自然界で一見ランダムに見える現象にも実は美しい数式(アルゴリズム)がかくされている、という視点のもとに、共振現象やフラクタルなどの考え方を、一般の人に理解できる形で概説した紹介書。あくまでエントリーモデルなので、書店で目次を見て既視感のあるお題ばかりだなと思ったら読む必要なし。わたし、半分以上は既知の上、著者を有名にした業績「蔵本モデル」まで知ってた。む〜ん。
こういう本を読んだり、理科系の研究職についてる友人に話をきいたりすることが時々あるけど、聞いてて超たのしくなってくる時とそうじゃない時がある。
たのしい時はどんな時かと言うと、まずは、ホントに現在進行形で研究してることを未解明ありまくりツッコミどころ満載のまま、ぶちまけてくれてる時がおもしろい。彼らは必ず説明不足なので、聞いてるこちらも自分の知識を総動員させて質問するのに余念がない。そんなことしてるうちにエキサイトの渦にまきこまれてていつのまにか会話の覇権をにぎられてる。あと他には、自分の研究分野を包括的に説明するんじゃなくて、まさにニッチだけを視野狭窄もいいところで語り尽くしてる時なんかも格別です。アメトーークの「ジョジョの奇妙な芸人」とか、しょこたんのオタク談義とか、話してる内容全然わからないのに聞いてておもしろくて仕方ないのと全く同じ原理。

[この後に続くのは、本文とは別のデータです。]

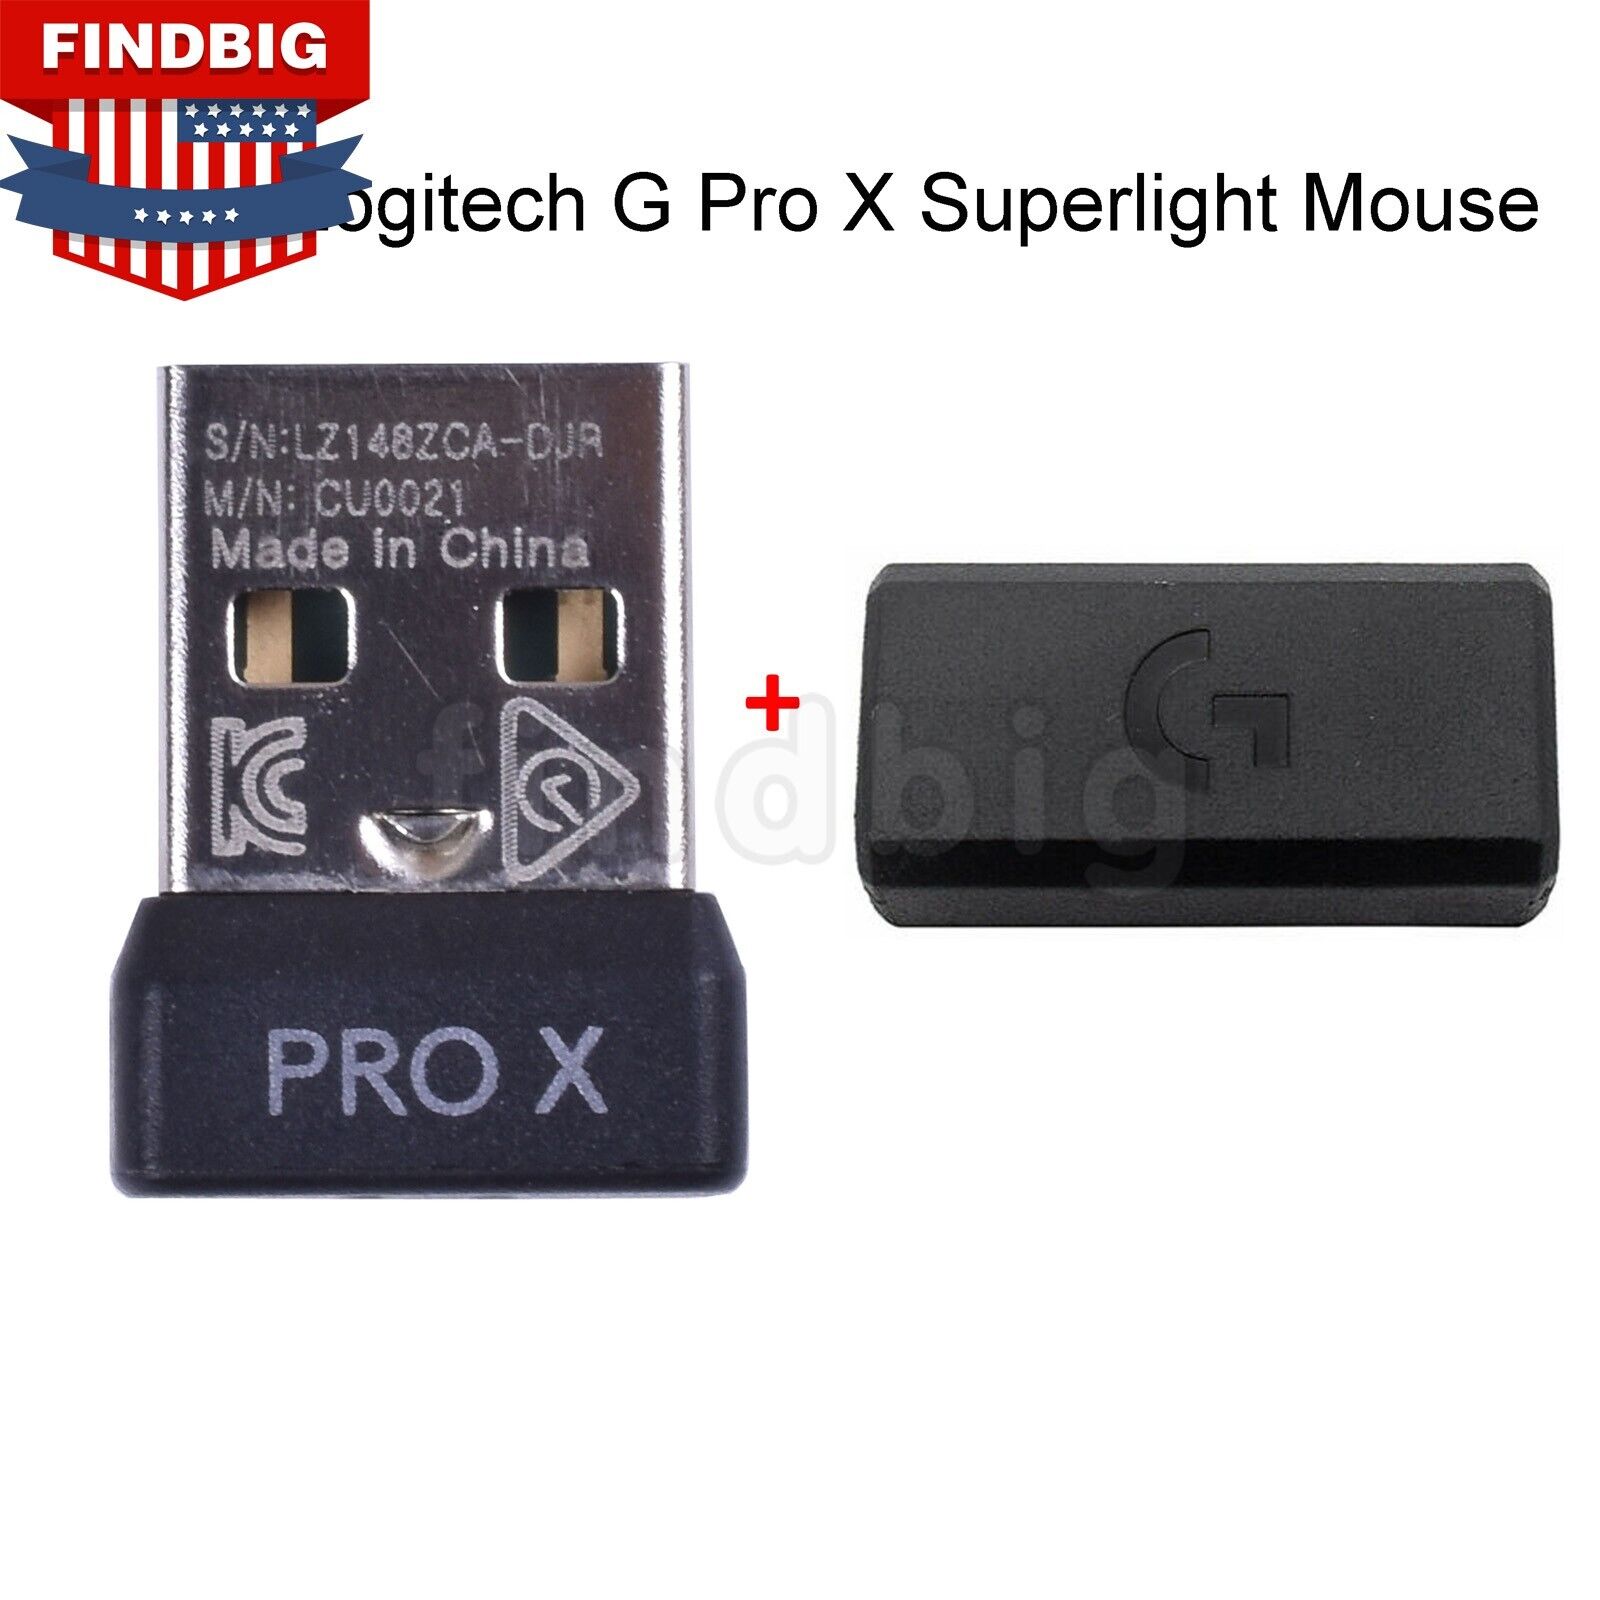 USB Dongle Mouse Receiver + Extension Adapter for Logitech G Pro X Superlight

そして逆につまらないのは、「一般向け、もしくはシロート向けに」準備した原稿を読むように、破綻なく概説してしまう研究者クン。わかりやすいけどおもしろくはないんだよね。特にサシで話してるときにそうやられると超最悪。目の前にいる人をちゃんと見ましょう、「一般の人」なんていう人は存在してませんから。


共振現象についておもしろいなと思うのは、たとえば東欧圏の人たちは拍手喝采のリズムが次第に合ってきてしまうこと、ミレニアムブリッジを通過する雑多な人の群れがいつしか共振を起こして橋を揺らすこと、など、人の行動までをも科学の俎上にのせることができるということだ。そしたらひょっとすると、人の気持ちまでも何かの科学的根拠に基づいて増減しているかもしれない。「気持ちを加減したければその対象について考える時間を減らせばいい。そう結論づけたじゃないか。どうしてもう一度同じ設問をするんだ?/それはもちろん自分の出した答に納得してないからだ。/一度ある程度膨らんでしまった気持ちは、それについて考えてなくても勝手に増大するし縮小するのだ。そういう状態の気持ちを加減できるのか?愛情や憎しみが図らずも育ってしまったとき、それをコントロールするすべはあるのか?それが僕は訊きたいのだ。/でもそんなの気持ちを増減させる内的要因がはっきりしていないのに答えられない。答えられないことは後回しだ。(舞城王太郎「SPEEDBOY!」)」でもそういう仮説を立てることは、具体的な気持ちがすこし楽になる一方で、いやなことに気付かされる。そう、鏡の中にはわたしはいるけれど、今ここにわたしがいるかどうかは立証不可能だ、ということを。